Leave out the pictures, and retype the remaining data exactly.

PROVIDED DATA:
[Start of Attachment]
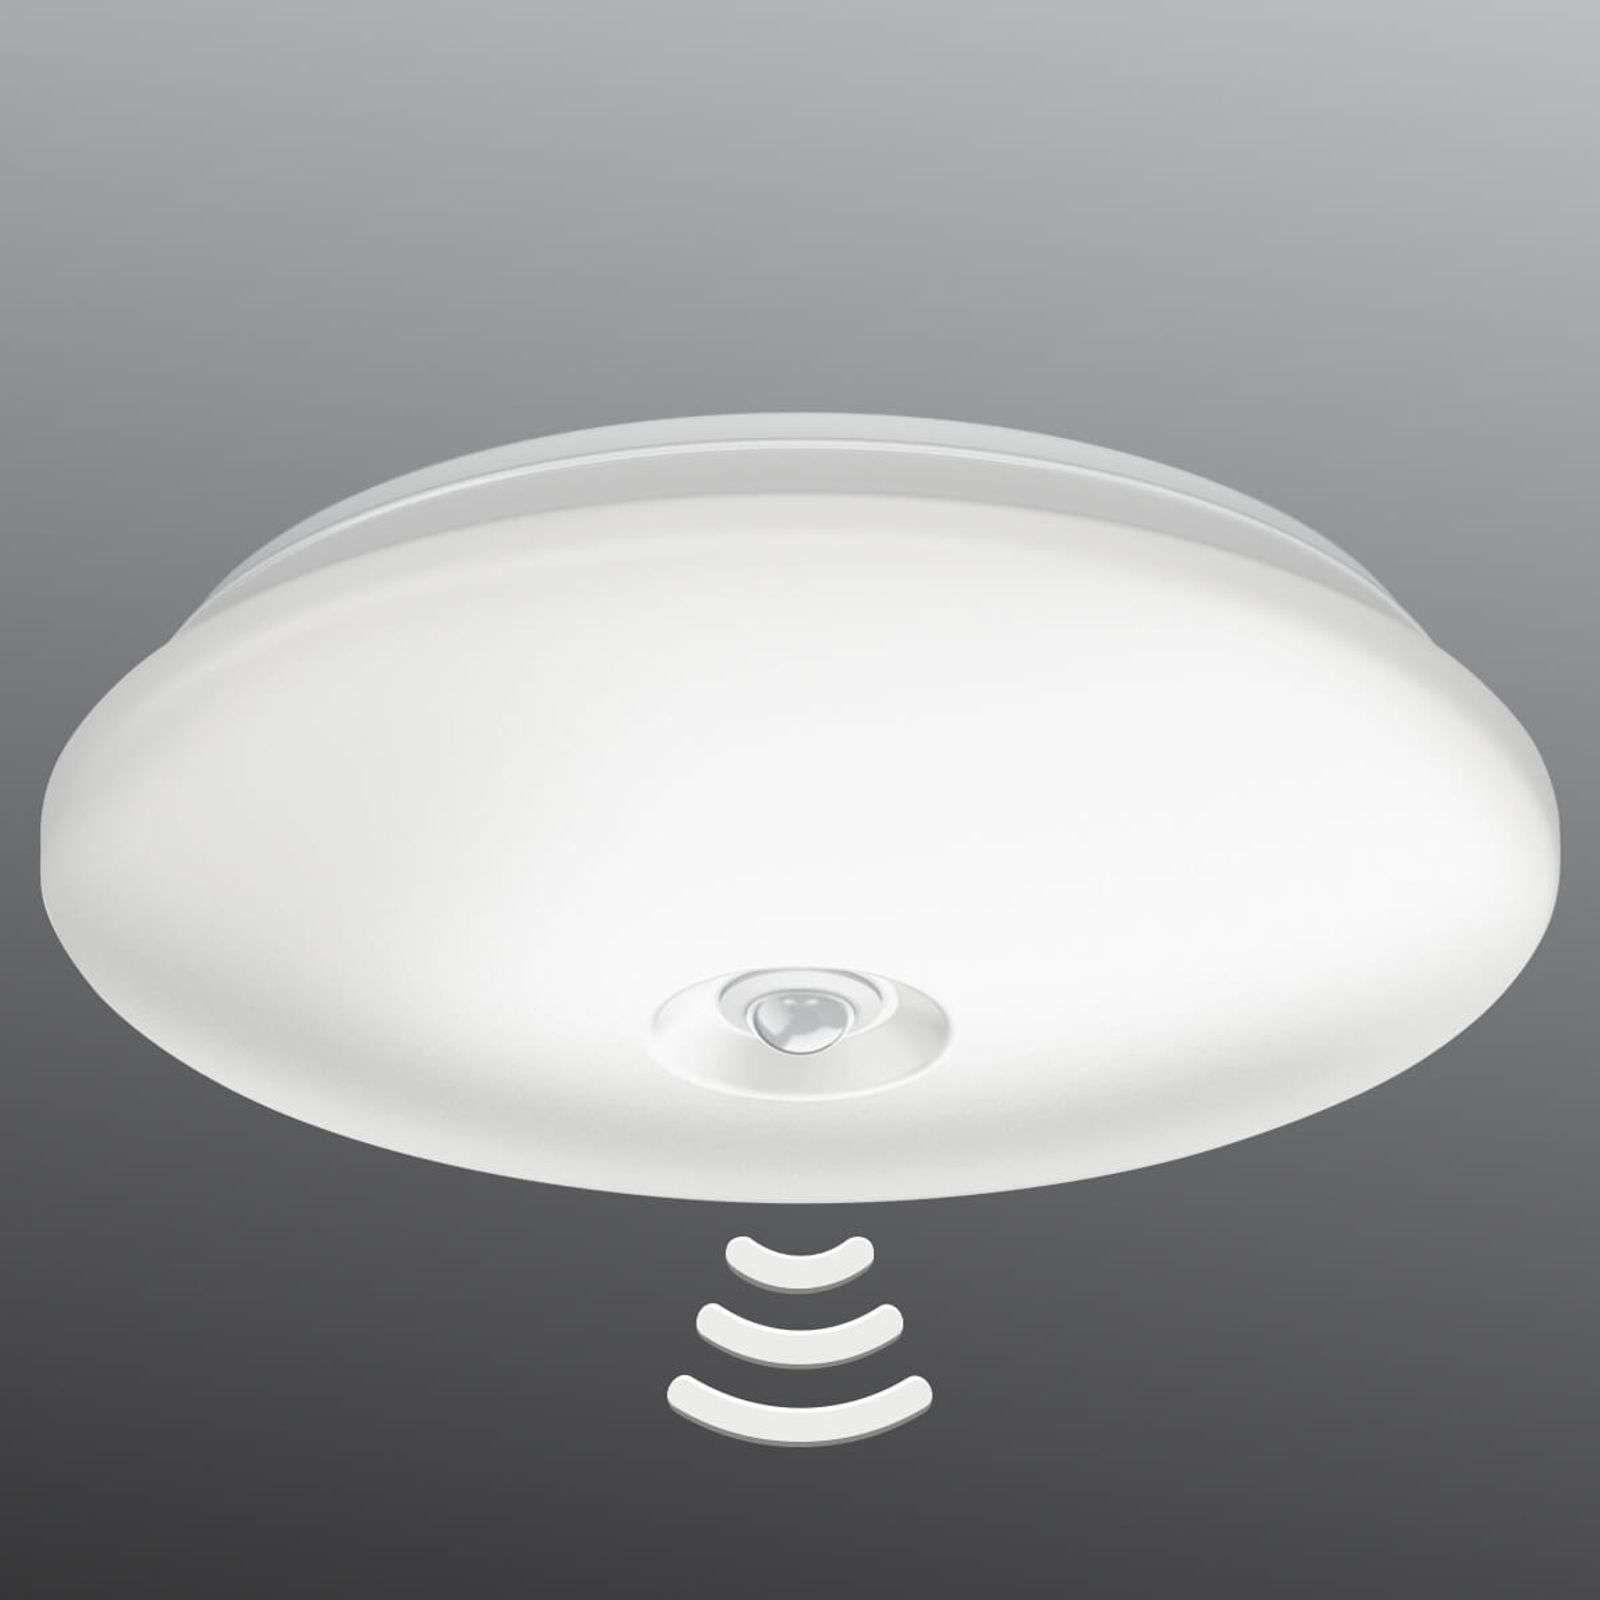 holz wohnzimmerlampen   beleuchtung badezimmerspiegel
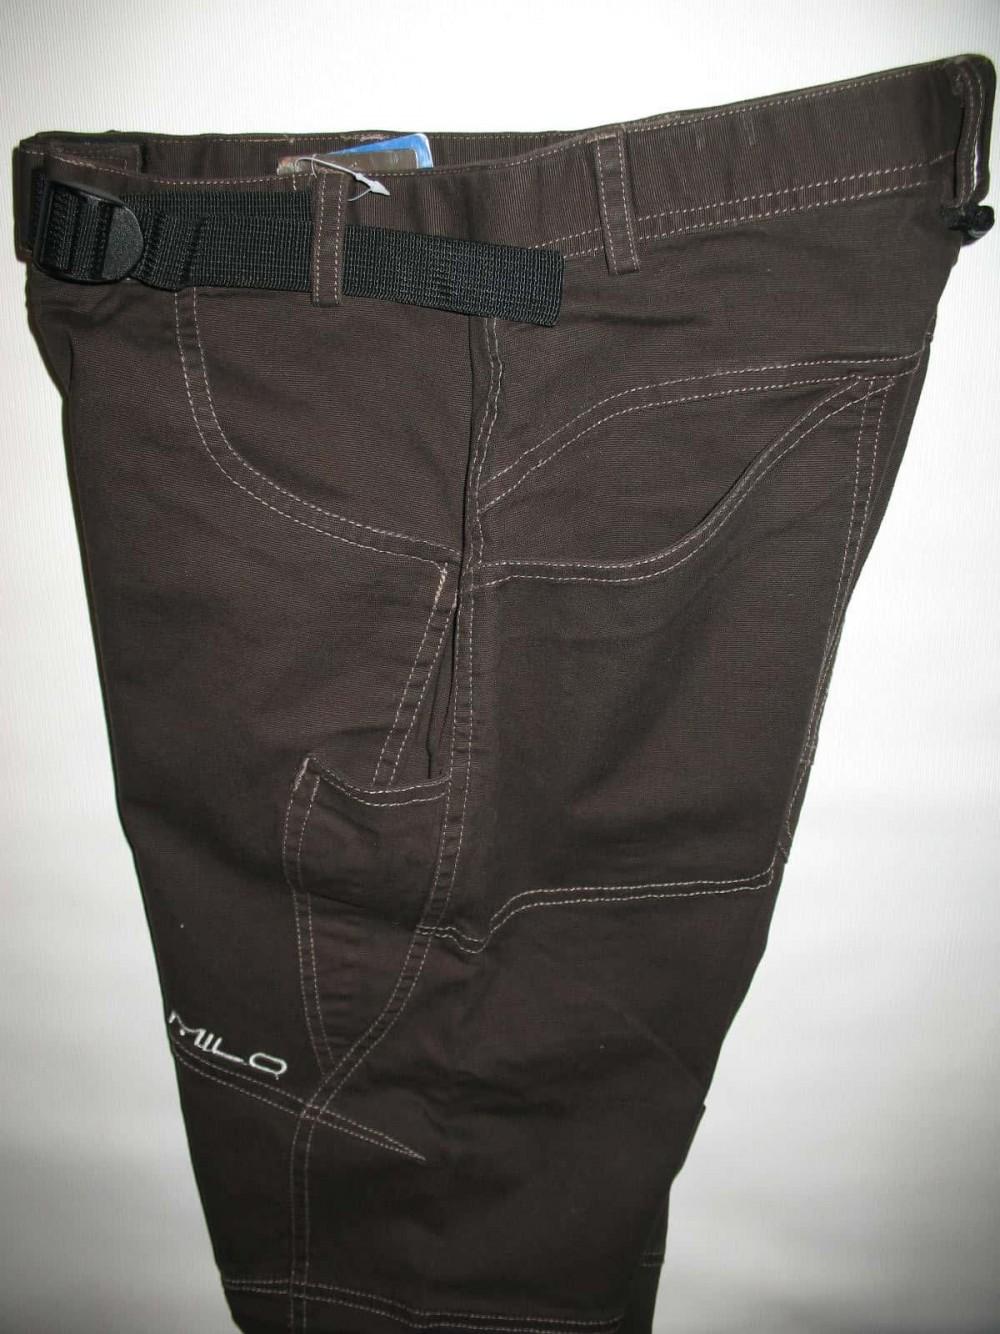 Штаны MILO loyc pants lady (размер S) - 6
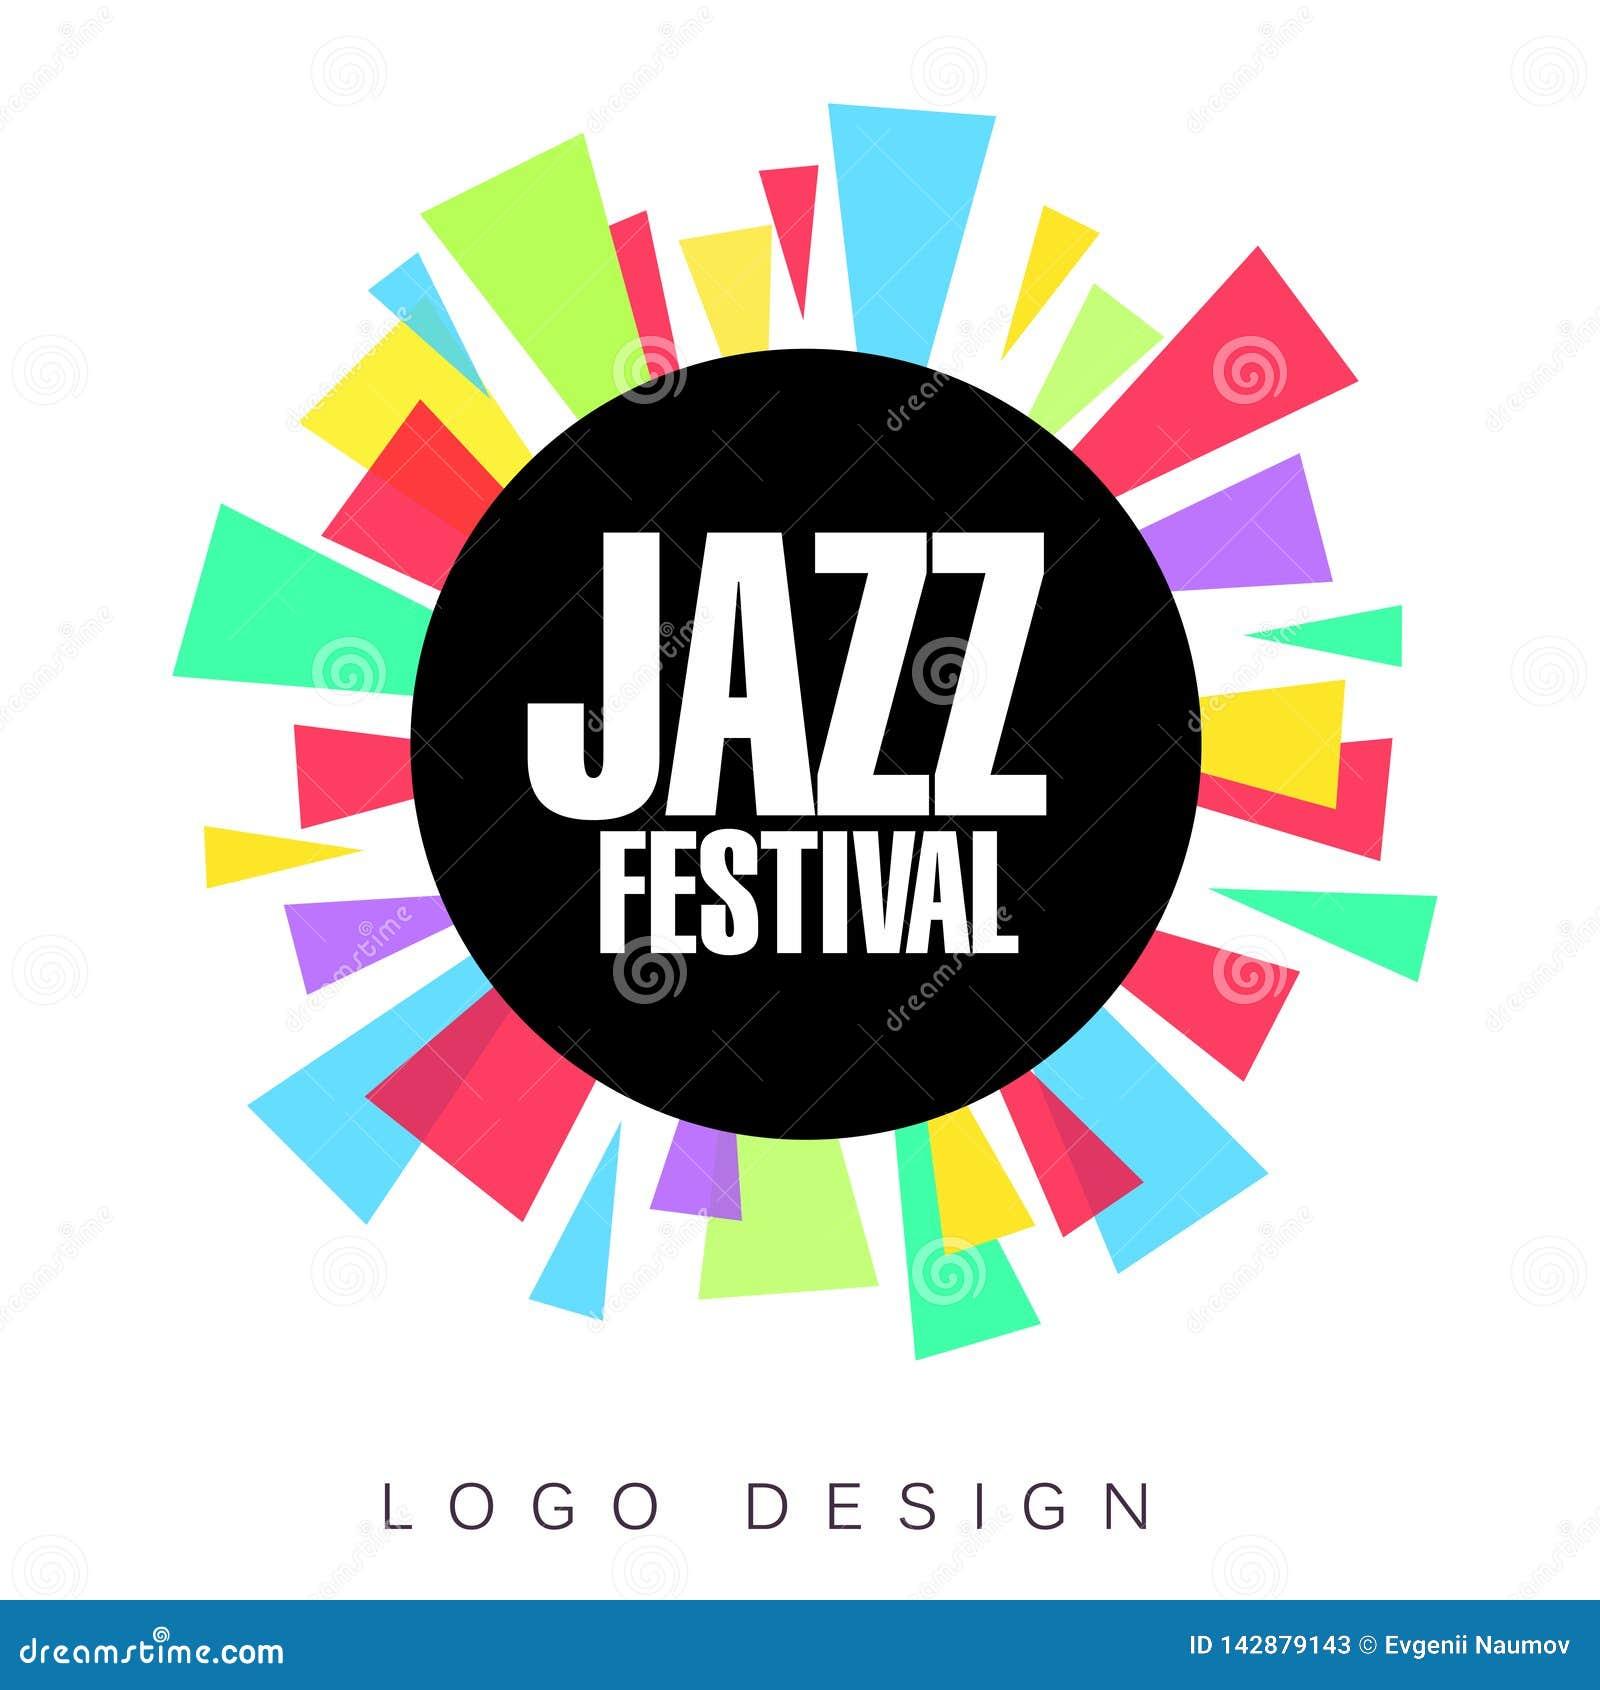 Molde do logotipo do festival de jazz, bandeira criativa colorida, cartaz, elemento do projeto do inseto para o vetor musical da
[End of Attachment]
WRITTEN ANSWER:
 holz wohnzimmerlampen   beleuchtung badezimmerspiegel
 Штаны MILO loyc pants lady (размер S) - 6
 Molde do logotipo do festival de jazz, bandeira criativa colorida, cartaz, elemento do projeto do inseto para o vetor musical da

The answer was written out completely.